视线交织两秒,他才像是会意了什么似的,缓缓开口:“我在门口等你。”
走时又看了她两眼,出门前抽走了房卡。
客厅重新归于宁静。
静到两个按捺着情绪的人的呼吸,都显得无比沉重。
直到室内断电,发出“啪嗒——”一声脆响时,简愉才侧了侧身,率先开口道:“你是不是有病。”
“……”
丁铭无言以对,却也不免有点落寞:“我……就是担心你。”
“担心我?”
简愉拧着眉,毫不留情地拆穿:“还是想掌控我。”
他总是这样。
一涉及到她的交际问题,就会变得偏执疯狂,可一旦危机接触,立刻就又是这副天然无辜、人畜无害的脸孔。
仿佛一切都并未发生。
可一切、真的未曾发生吗?
“我能怎么办!”
丁铭拽着人,身体前倾向她逼近,据理力争的态度里溢着些无助:“你说要去开房,转头就挂了电话。”

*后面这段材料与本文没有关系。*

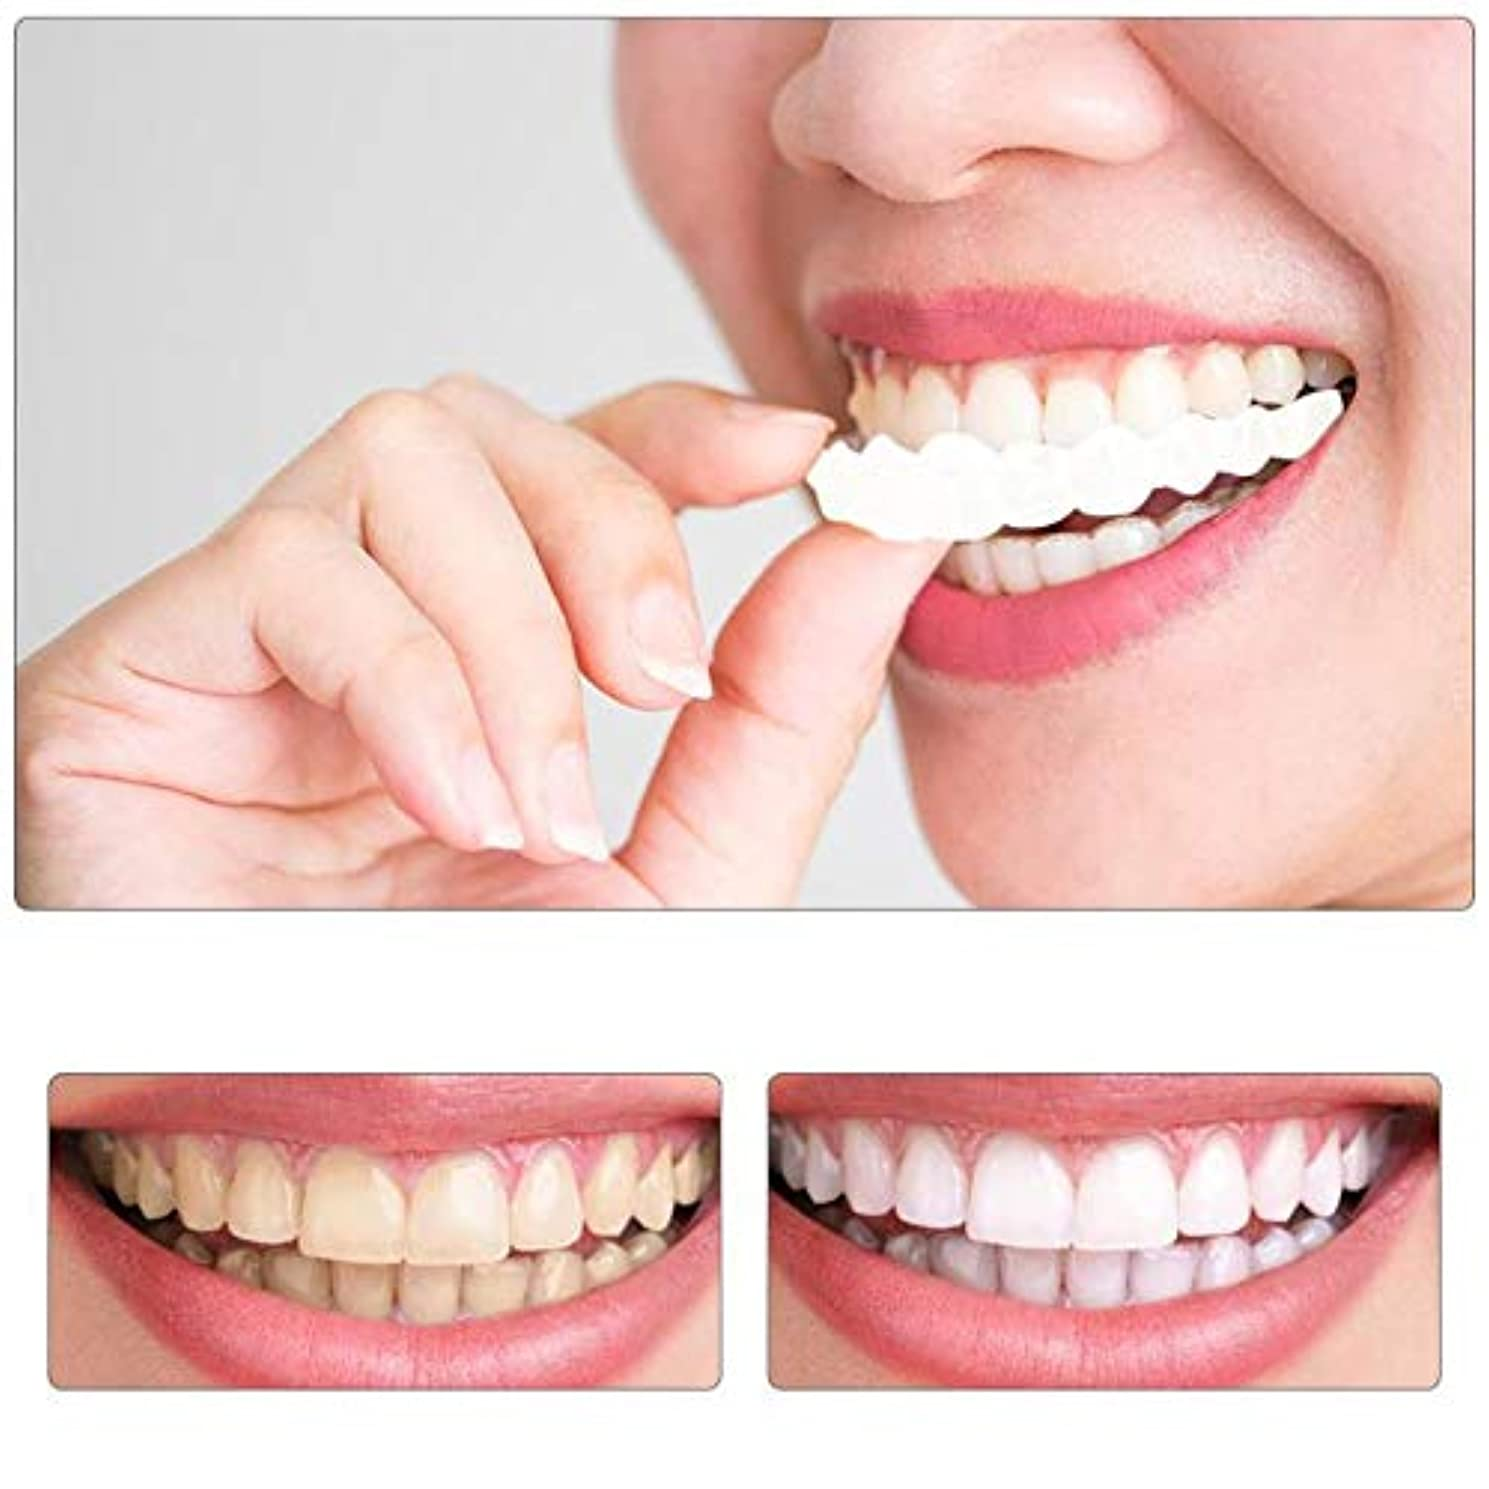 宿時代出口1ペア偽歯上部偽偽歯カバースナップオン即時歯化粧品義歯ケアオーラルケアプラスチックホワイトニング義歯

“我打了一夜的电话,到处找你都找不到,我能怎么办?除了求助叔叔阿姨,我还能怎么办……”
“你不知道我爸身体不好吗!”
简愉一想起电话里爸妈疲惫又崩溃的声音,眼眶就禁不住更红了些。
奋力挣开手腕的同时,还连带着推搡了一把,好让自己可以离他更远一些:“你想过他们承受不了这样的打击吗!”
“你也知道这是打击吗!”
说起崩溃,丁铭又何尝未曾崩溃:“那你有没有想过,这对我来说也是一种打击!”
“所以你就收买汤弘光,没日没夜的扣着我加班?”
简愉眸里透着决绝,彻底摊牌:“哪怕我有可能会过劳,哪怕你自己也见不到我,都不能给我留有一丁点的自由空间,去见你不想让我见到的人,对吗?”
“……”
丁铭刚要再度上前的动作顿住,情绪转折的太过突然,以至于漏了一丝没能藏好的心虚:“你、你在说什么……”
“丁铭。”
简愉吁了口气,无力地喊了他一声:“在你眼里,我就是个傻子吧?”
丁铭有些颤抖:“怎么这么说……”
“是吗?”
简愉不以为然:“那你怎么就会觉得,利用我爸妈的担心逼我租房,刚一下班你就能出现在我公司门口,我前脚刚请完假、你立刻就有时间约我吃饭……这么多的破绽,我一点都看不出来?”
丁铭哑然,却本能地想要辩解:“我……不是、我就是……”
“不用着急解释。”
简愉苦笑了一下:“说实话,这些也只是我的猜测。我并不知道这些事,有多少事‘碰巧’,你又参与了多少,也根本没力气去深究。”
“可你要是说,这一切全都与你无关。”
她的笑意渐消,只余一脸的失望:“你自己信吗?”
“……”
丁铭沉默了。
“别再折磨我了。”
简愉一点点地后退,目光里是不加掩饰的厌倦:“既然说好永远是朋友,就请你做到。”
“别再逼我了,求你了。”
“我试过了。”
丁铭哽咽了一下,方才的强硬不知不觉消失,取而代之的、是渴求一点怜悯的脆弱:“我真的试过了。”
“但我只要一想到,你有可能会和别人在一起,我就受不了,真的受不了。”
“我真的、真的就不明白了。”
他又一点点地、小心翼翼地表露着心迹:“我、我这么喜欢你,可以比所有人对你都好。”
“你为什么、就不能试试,跟我在一起啊……”
“你知道吗。”
简愉无动于衷:“丁叔叔当年一边出轨、一边说最爱芸姨时,也是这副模样。”
“……”
丁铭张了张嘴,却半天都没能说出话来。
“人都说你像妈妈,温柔内敛,待人谦和。”
简愉的瞳孔闪过曾芸鲜活的幻影,她闭了闭眼,泪水遗落的瞬间,道出了平生最为残酷的言语:“我却觉得你像爸爸。”
“表里不一、卑劣自私。”
-
简愉夺门而出的时候,从乔本能地站直了些,下意识伸出的手被视而不见,意外的拉了个空。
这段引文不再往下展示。